Enzyme-linked immunosorbent assays (ELISA) were used to screen for clones that bound specifically to the trimeric spike protein. Deoxyribonucleic acid (DNA) sequencing was used to identify clones with distinct sequences, which were then expressed as soluble Fabs and complete immunoglobulin G1 (IgG1) antibodies. The binding affinity of the IgG antibodies was tested using ELISA, while surface plasmon resonance was used to test the binding affinity of the Fabs towards the trimeric spike protein.
Neutralization assays using pseudotyped viruses were performed to evaluate the selected monoclonal antibodies. The specificity of the monoclonal antibodies towards the receptor binding domain of the spike protein was tested using competition ELISA. The study also tested the neutralizing ability of the monoclonal antibodies against WA-1, the North American founder strain, and other relevant variants of concern. Furthermore, the neutralizing ability of the selected monoclonal antibodies was compared against that of monoclonal antibodies in clinical use.
Cryogenic electron microscopy (cryo-EM) was used to understand the structural interactions between the SARS-CoV-2 spike protein trimer and the two most potent monoclonal antibodies from the study — NA8 and NE12.
Additionally, hamster models were used to test the in vivo prophylactic efficiency and therapeutic activity of NA8 and NE12. For testing the prophylactic efficacy, the hamsters were intraperitoneally inoculated with different concentrations of the monoclonal antibodies before being intranasally challenged with the Beta variant and WA-1 strain of SARS-CoV-2. The therapeutic efficacy was measured by intraperitoneally administering the hamsters with monoclonal antibodies after infecting them with the WA-1 strain and Beta variant.
Results
The results reported that NA8 and NE12 have complementary properties, and exhibited potent neutralizing action against all the major SARS-CoV-2 variants of concern. The NA8 monoclonal antibody displayed broad neutralizing abilities at picomolar concentrations against the Beta variant and Omicron BA.1 and BA.2 subvariants, and at nanomolar concentrations against the recent BA.2.12.1 and BA.4 subvariants.
The cryo-EM structural analysis images revealed that the NA8 antibody has a highly conserved binding epitope with a slightly shifted receptor binding ridge which allows it to circumvent the mutated regions of the Beta and Omicron receptor binding regions. The NE12 epitope was seen to overlap the angiotensin-converting enzyme-2 (ACE-2) receptor footprints of the receptor binding domain. Despite having partially overlapping epitopes, the combined use of NA8 and NE12 did not display any reduction in the neutralizing potency of either of the monoclonal antibodies.

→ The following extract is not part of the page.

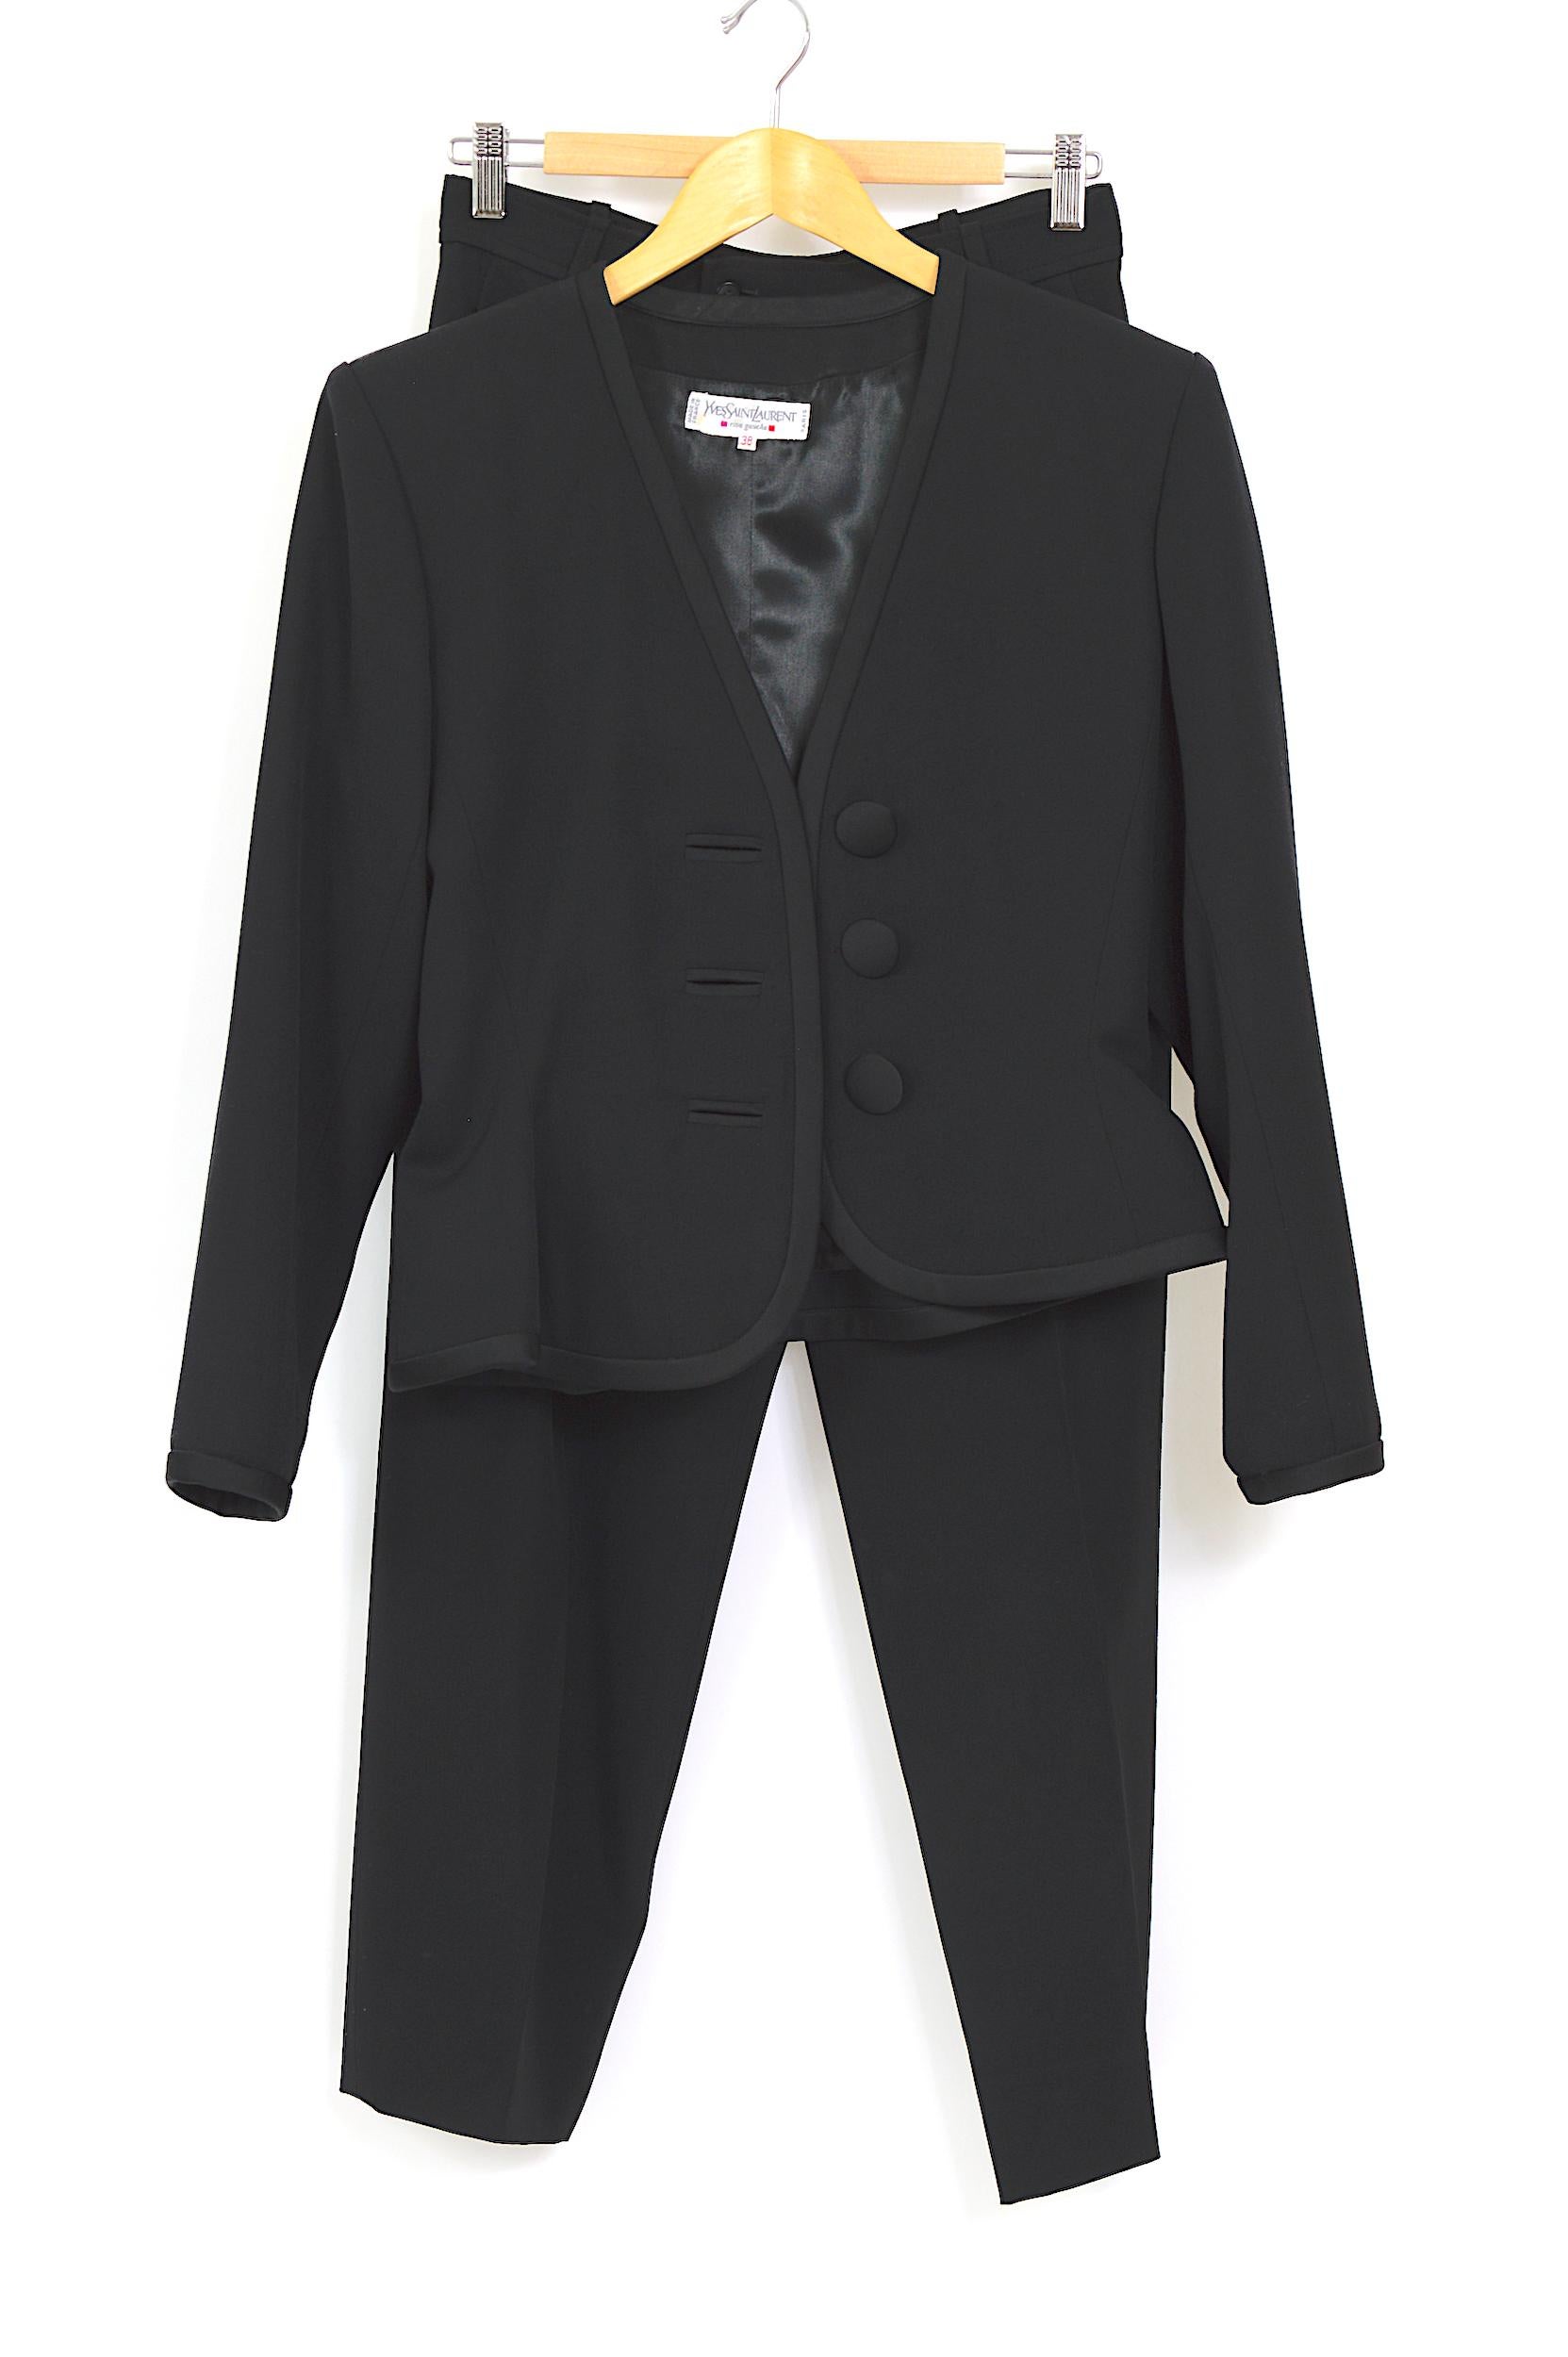 Yves Saint Laurent jet black vintage 80s large shoulders smoking evening suit  3

The two monoclonal antibodies also displayed high prophylactic and therapeutic potency in vivo, when tested in hamster models. Furthermore, compared to current monoclonal antibodies in clinical use, NA8 and NE12 exhibited potent and broad neutralizing action.
Conclusions
To summarize, the study reported the development and characterization of novel monoclonal antibodies NA8 and NE12 that displayed broad and potent neutralizing abilities against the major SARS-CoV-2 variants and the currently dominant Omicron subvariants when used in combination.

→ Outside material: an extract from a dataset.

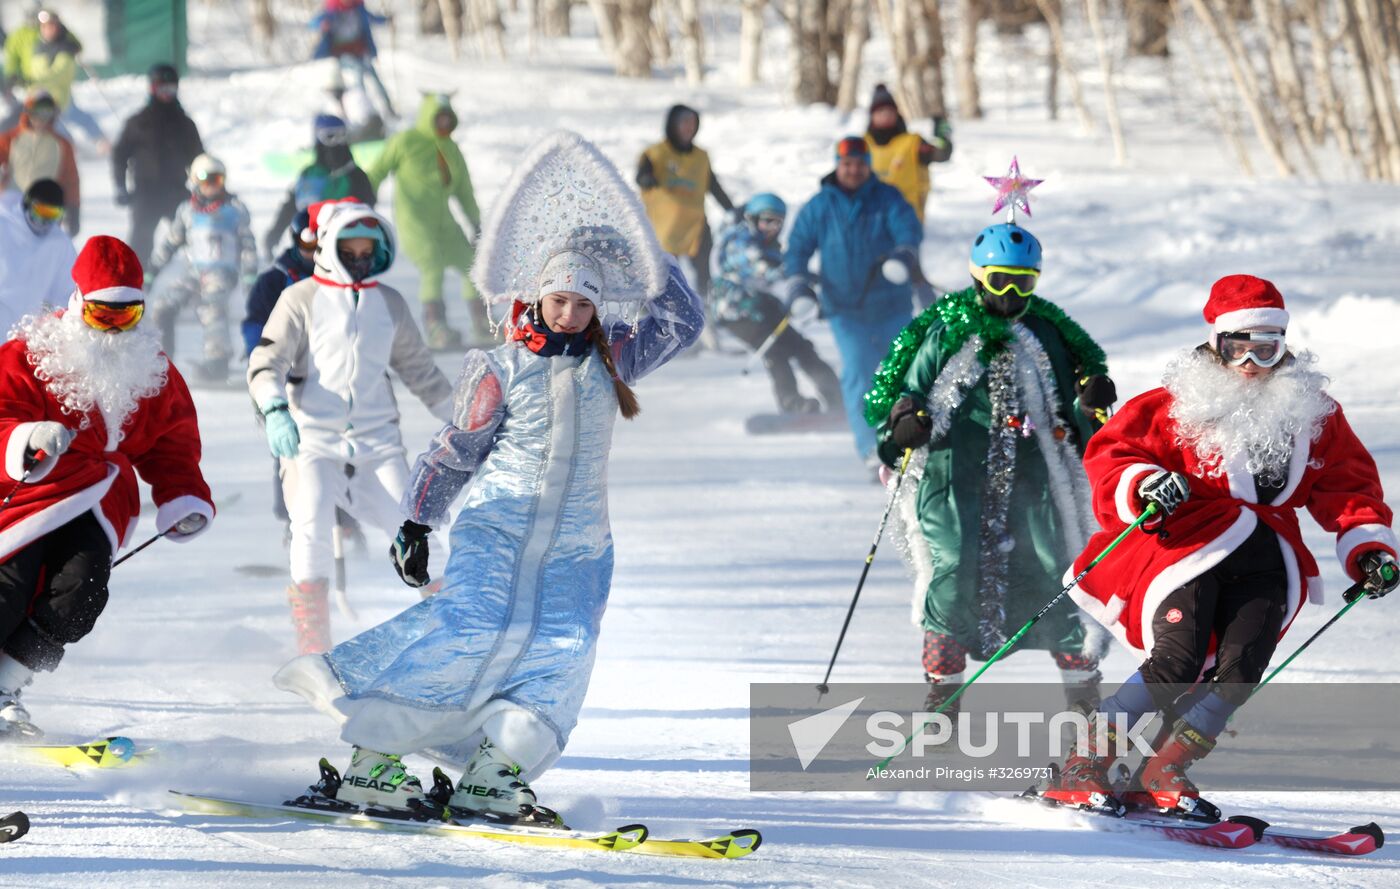 Public costumed downhill run on Mount Moroznaya in Kamchatka

The two monoclonal antibodies also exhibited high therapeutic and prophylactic action in vivo in hamster models. Structural analysis of the binding epitopes explained the broad potency and reactivity. The conserved binding epitope of NA8 also indicates its ability to neutralize future variants.
With currently used monoclonal antibody therapies and vaccines losing efficacy against the emergent Omicron subvariants, the development of broadly neutralizing antibodies such as NA8 and NE12 can help limit the global spread of immune-evading SARS-CoV-2 variants.